Data records
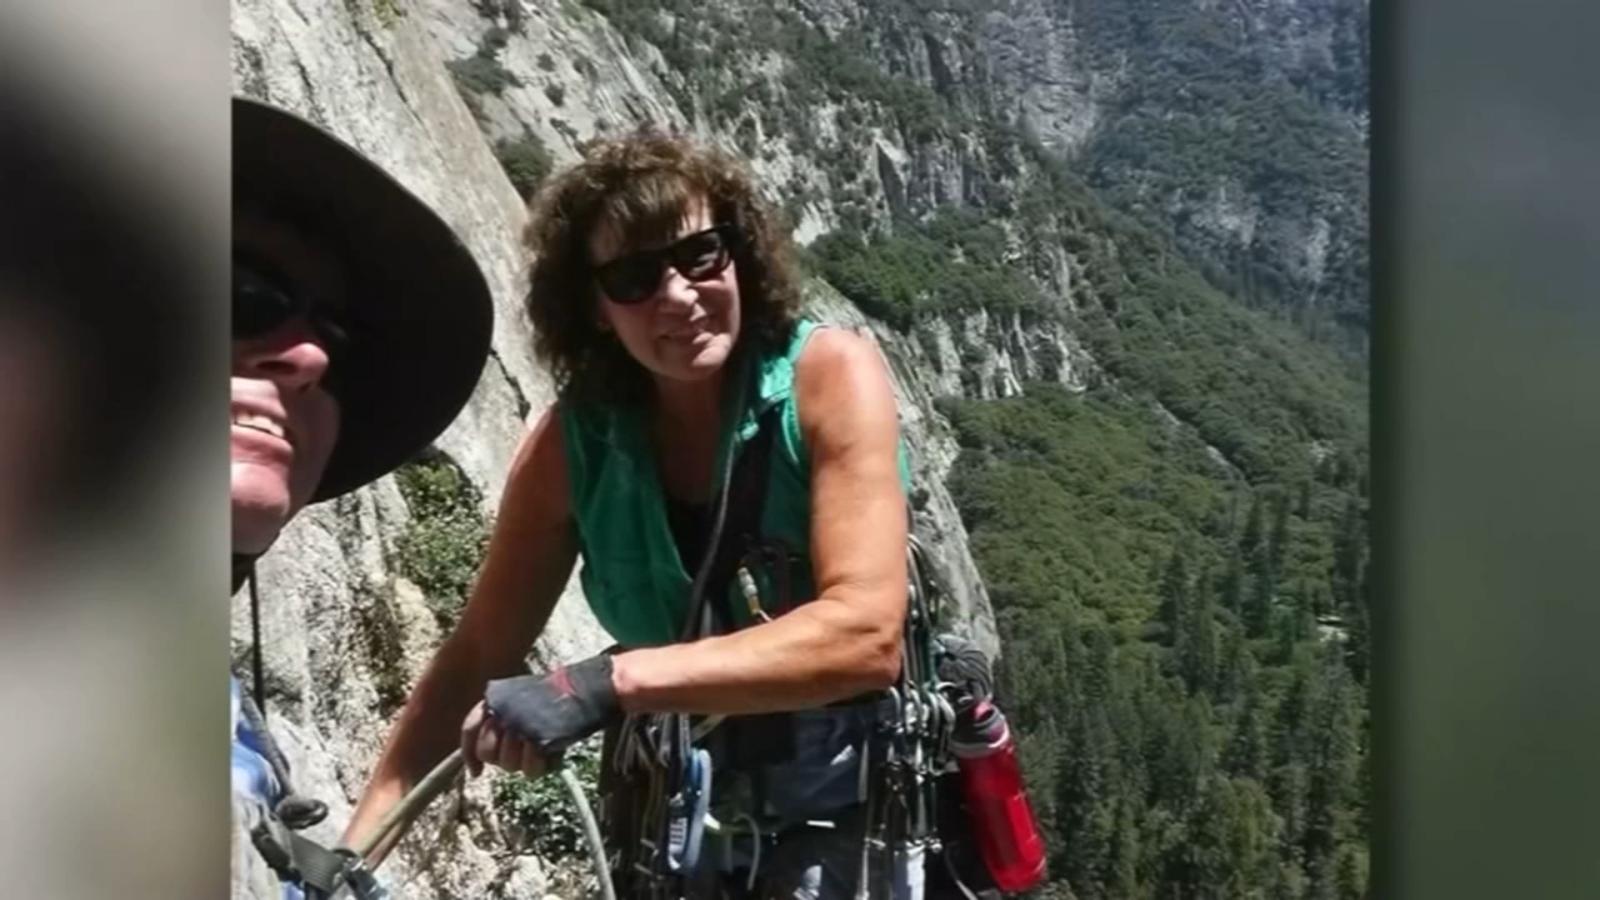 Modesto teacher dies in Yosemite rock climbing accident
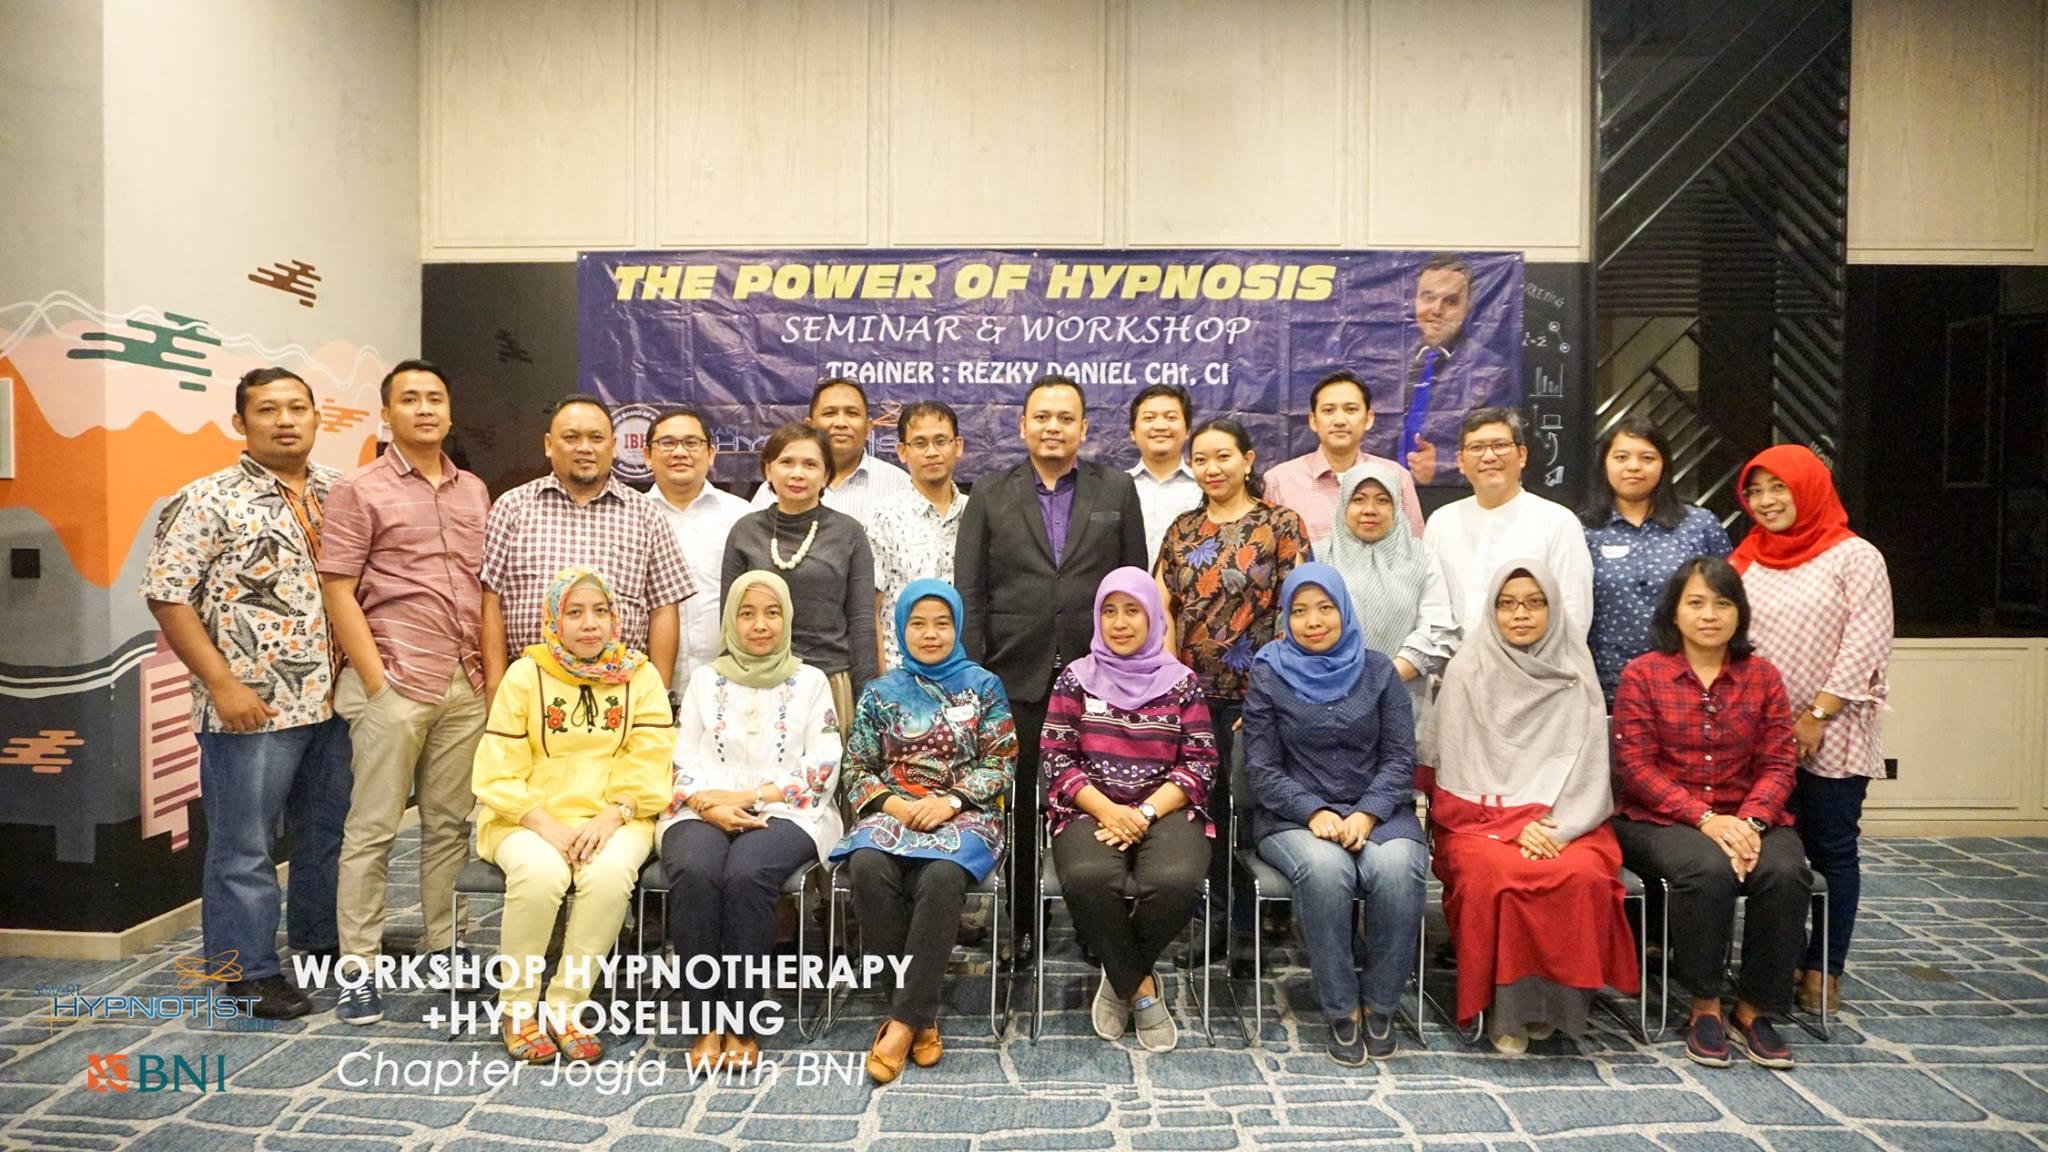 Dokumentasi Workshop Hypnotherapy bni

---

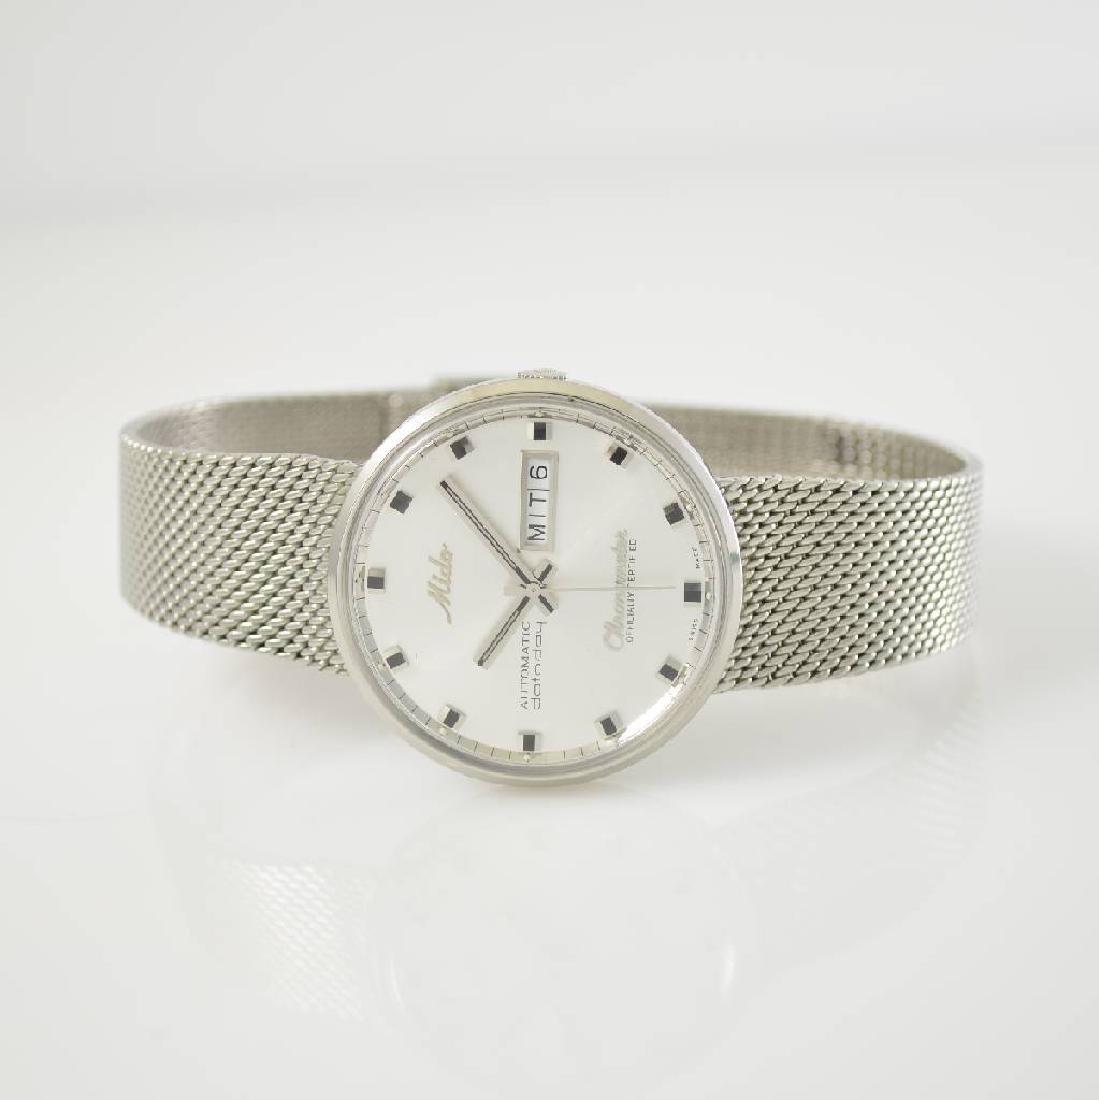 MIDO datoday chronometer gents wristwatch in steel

* * *

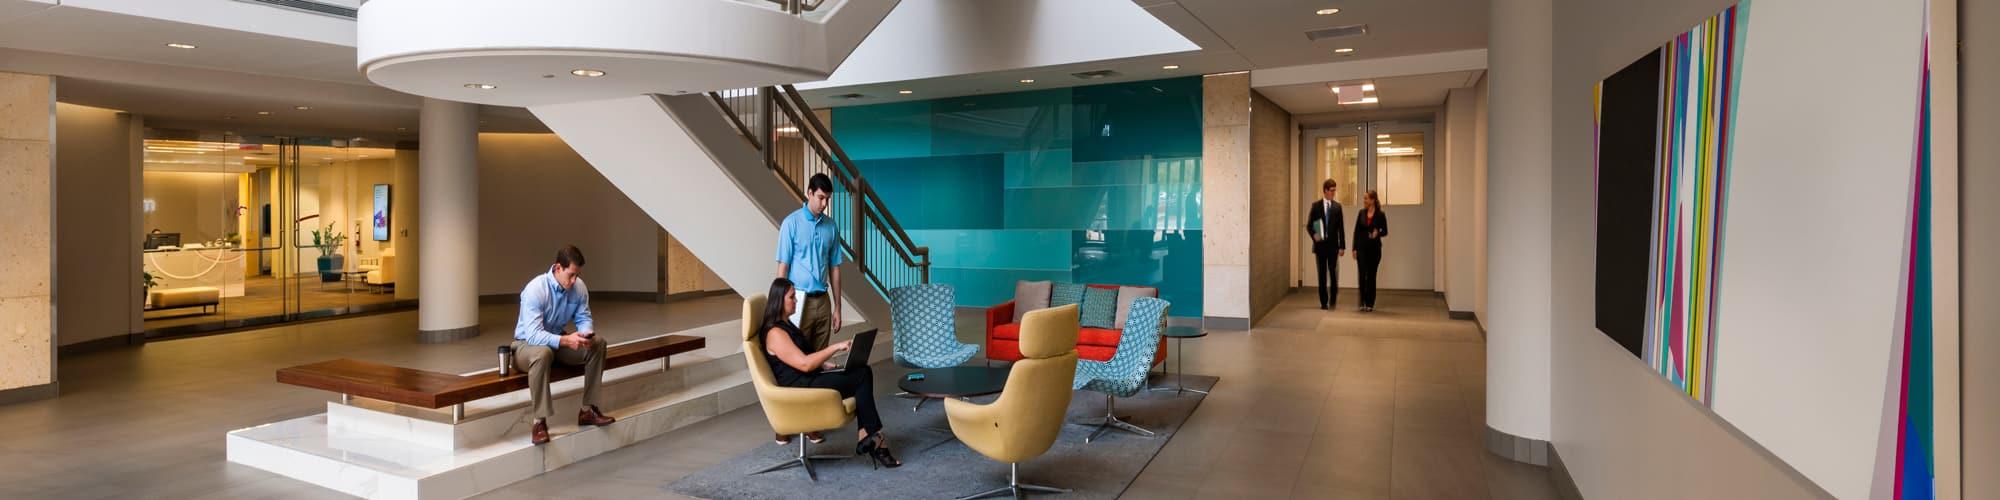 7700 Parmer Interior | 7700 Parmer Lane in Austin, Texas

Task item
Write back word for word every line in the entries above from the one with "Modesto teacher dies" to the one with "Dokumentasi Workshop Hypnotherapy bni", ends included, and none of the pictures.

Solved problem
 Modesto teacher dies in Yosemite rock climbing accident
 Dokumentasi Workshop Hypnotherapy bni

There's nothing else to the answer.